Data for this task ::

+ + +

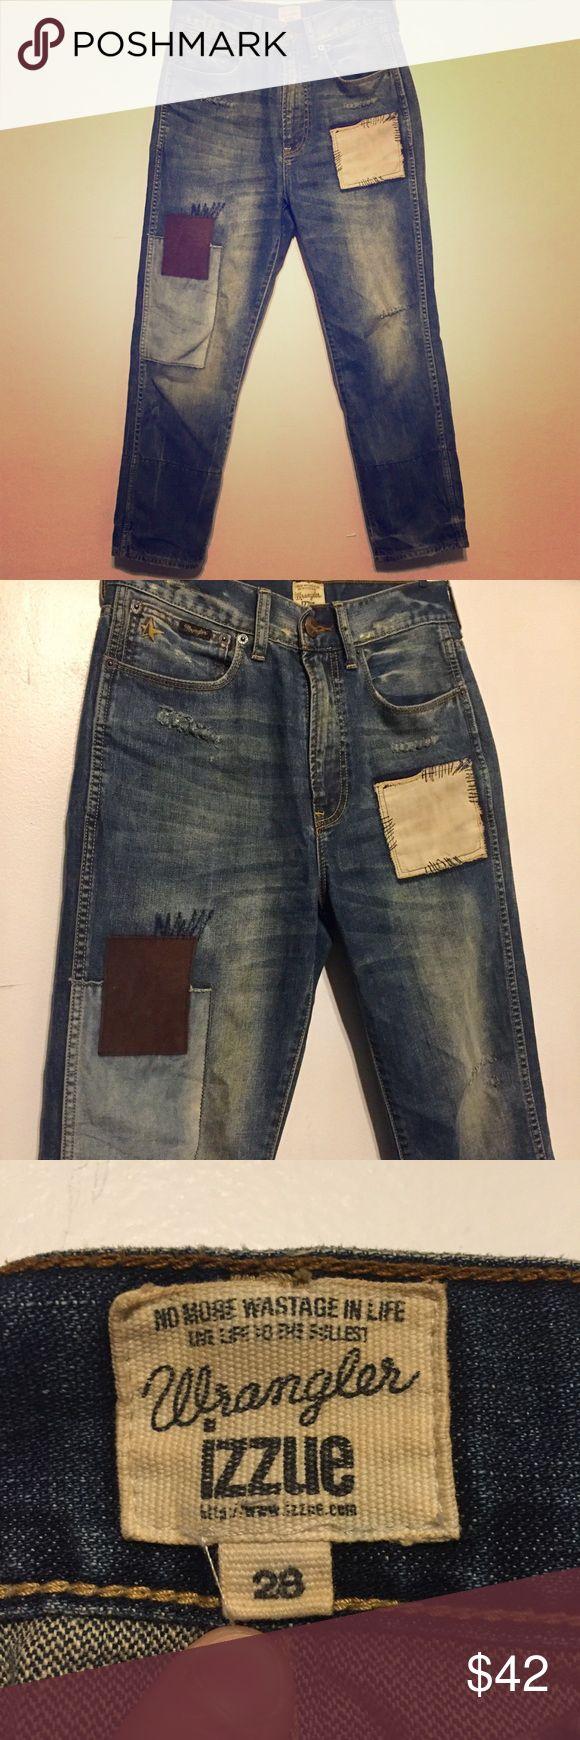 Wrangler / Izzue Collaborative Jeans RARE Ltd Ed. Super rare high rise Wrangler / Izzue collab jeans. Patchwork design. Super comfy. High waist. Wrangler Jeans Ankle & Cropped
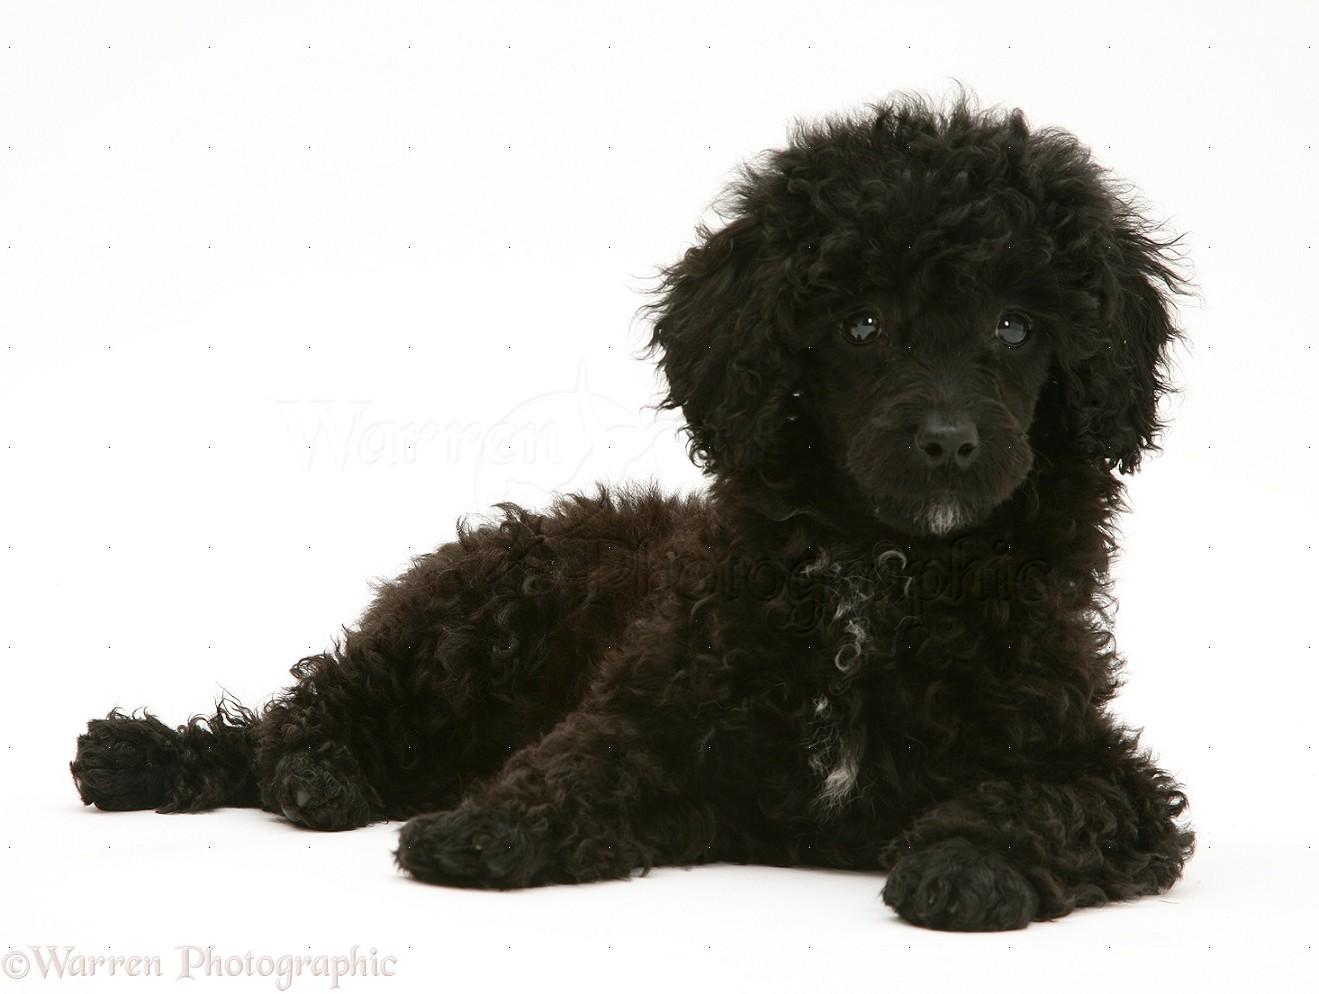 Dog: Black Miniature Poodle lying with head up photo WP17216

+ + +

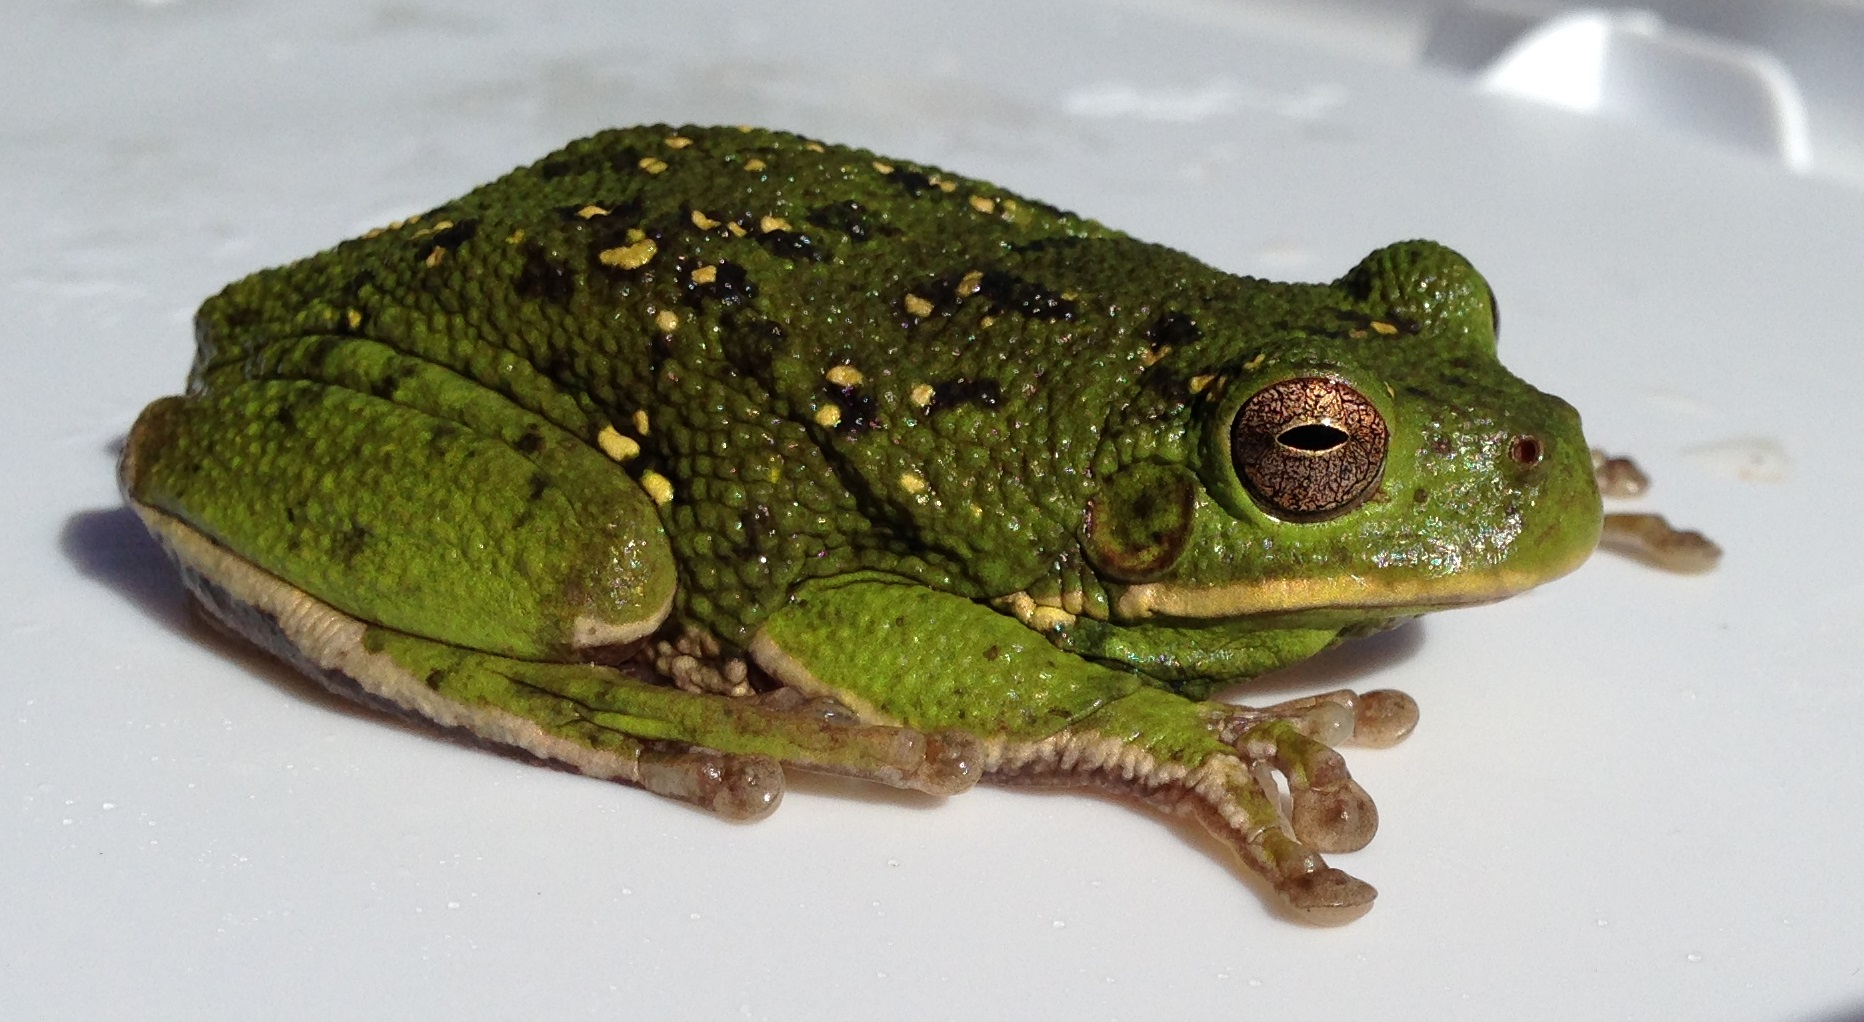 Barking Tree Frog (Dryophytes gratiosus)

+ + +

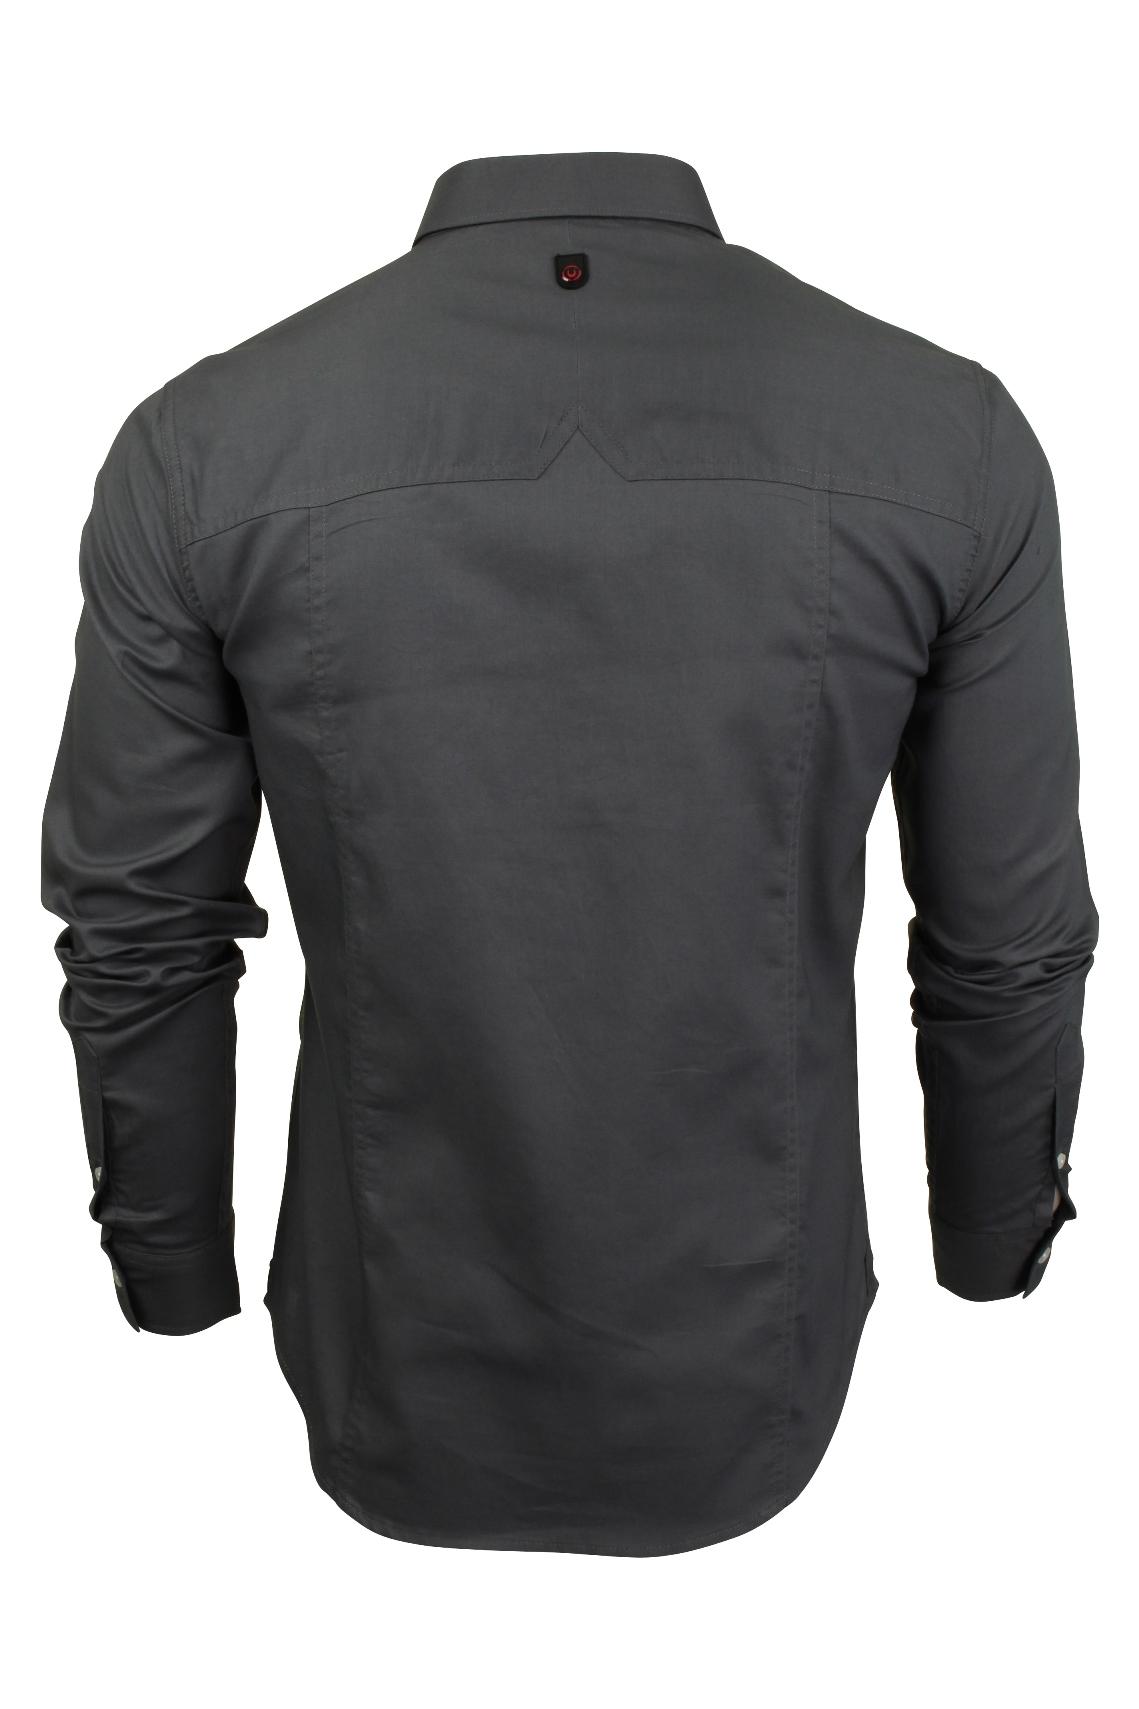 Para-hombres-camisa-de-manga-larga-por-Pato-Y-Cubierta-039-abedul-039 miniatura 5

+ + +

Aim of the task :: Make an exact copy of the lines above, beginning with the line with "Wrangler / Izzue Collaborative" and ending with the line with "Dog: Black Miniature", and keep the pictures out of it.

Expected answer ::
 Wrangler / Izzue Collaborative Jeans RARE Ltd Ed. Super rare high rise Wrangler / Izzue collab jeans. Patchwork design. Super comfy. High waist. Wrangler Jeans Ankle & Cropped
 Dog: Black Miniature Poodle lying with head up photo WP17216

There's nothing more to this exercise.